Marion didn’t reserve all his vitriolic wrath for Indians and he had no equal when it came to abusive acupuncture. When Tucson took the territorial capital away from Prescott in 1867, Marion blamed territorial governor Richard C. McCormick. John Wasson, editor of the McCormick-owned Tucson Arizonian responded to Marion’s attacks in a mildly-worded editorial: ‘The Mirier has been more filthy than usual …”
Marion quickly retaliated, “So says the liar, affidavit man, scavenger, scullion and valet de chambre for McCormick & Company. We dare this abominable beggar to show where we have been filthy. But this is a way thieves and blackguards have for drawing attention from their own foul deeds and he would like to shift the odium to some decent man’s shoulders. Back dog, to your foul kennel.” Marion also took exception to what he considered high-handed politics, on the part of’ Tricky Dick” McCormick saying, “through ignorance of baseness of purpose, McCormick has, for the last two years usurped and used power vested solely in the Legislature, and, squabbling the records of various counties … his littleness, (McCormick stood only 5′ 5″), who by soft soap and flunkyism, has wormed his way into the gubernatorial chair of a territory he has helped to impoverish.”
Earlier, Marion vented his wrathful tirades against Judge Sidney de Long, Wasson’s predecessor at the Arizonian. Using a recent photograph to describe Judge de Long, Marion attacked with typical pugnaciousness: “Mr. De Long looks well in a picture,” Marion said, “his head and face indicate that he belongs to the Caucasian type of man, his forehead is still suited for flattening out tortillas; his nose projects some distance from his face, and is, we think, large enough to ‘smell a mice.’ His mouth appears to have been well-cut with some dull instrument, either a crevice spoon or a shovel; and the eyes—those glorious ‘yorbs’ look like empty egg shells—we mean to preserve this picture by having it framed with ‘brass’ and mounted on a braying ass so as to represent the pious judge in the act of blowing his trumpet for the patriot McCormick.”
For the most part, De Long ignored these tirades by the young upstart from Prescott. The one-sided feud ended soon after, when De Long left the paper and entered the mercantile business.
Rivalries between territorial editors were epic, especially during Marion’s time. John Wasson of Tucson’s Arizona Citizen and De Long’s replacement at the Arizonian, P.W. Dooner and especially Judge William Berry of the Yuma Sentinel at one time or another, all felt the stinging wrath of Marion’s acrimonious pen. Berry and Marion had been friends during Prescott’s early days, but became bitter rivals over a political race. Although Berry was a practicing attorney, the title “judge” was honorary. One of Judge Berry’s character weaknesses was over indulgence in strong drink, something Marion capitalized on in their long-standing feud. Marion questioned Berry’s right to the title of judge, although he did concede that the editor of the Sentinel was a good judge of bad whiskey. Few people ever bested John Marion.

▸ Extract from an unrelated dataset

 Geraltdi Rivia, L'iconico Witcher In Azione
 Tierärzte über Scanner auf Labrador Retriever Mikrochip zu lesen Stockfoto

Marion continued to volley his patented diatribes at editors and politicians throughout the territory, or anywhere else for that matter. His verbal harangue, colorful and bombastic, sold newspapers. One of his self-describing editorial comments sums up his tumultuous life as a fighting editor, “They tried to get my scalp, both the Injuns and the white men, but damn ’em, I’m still here.”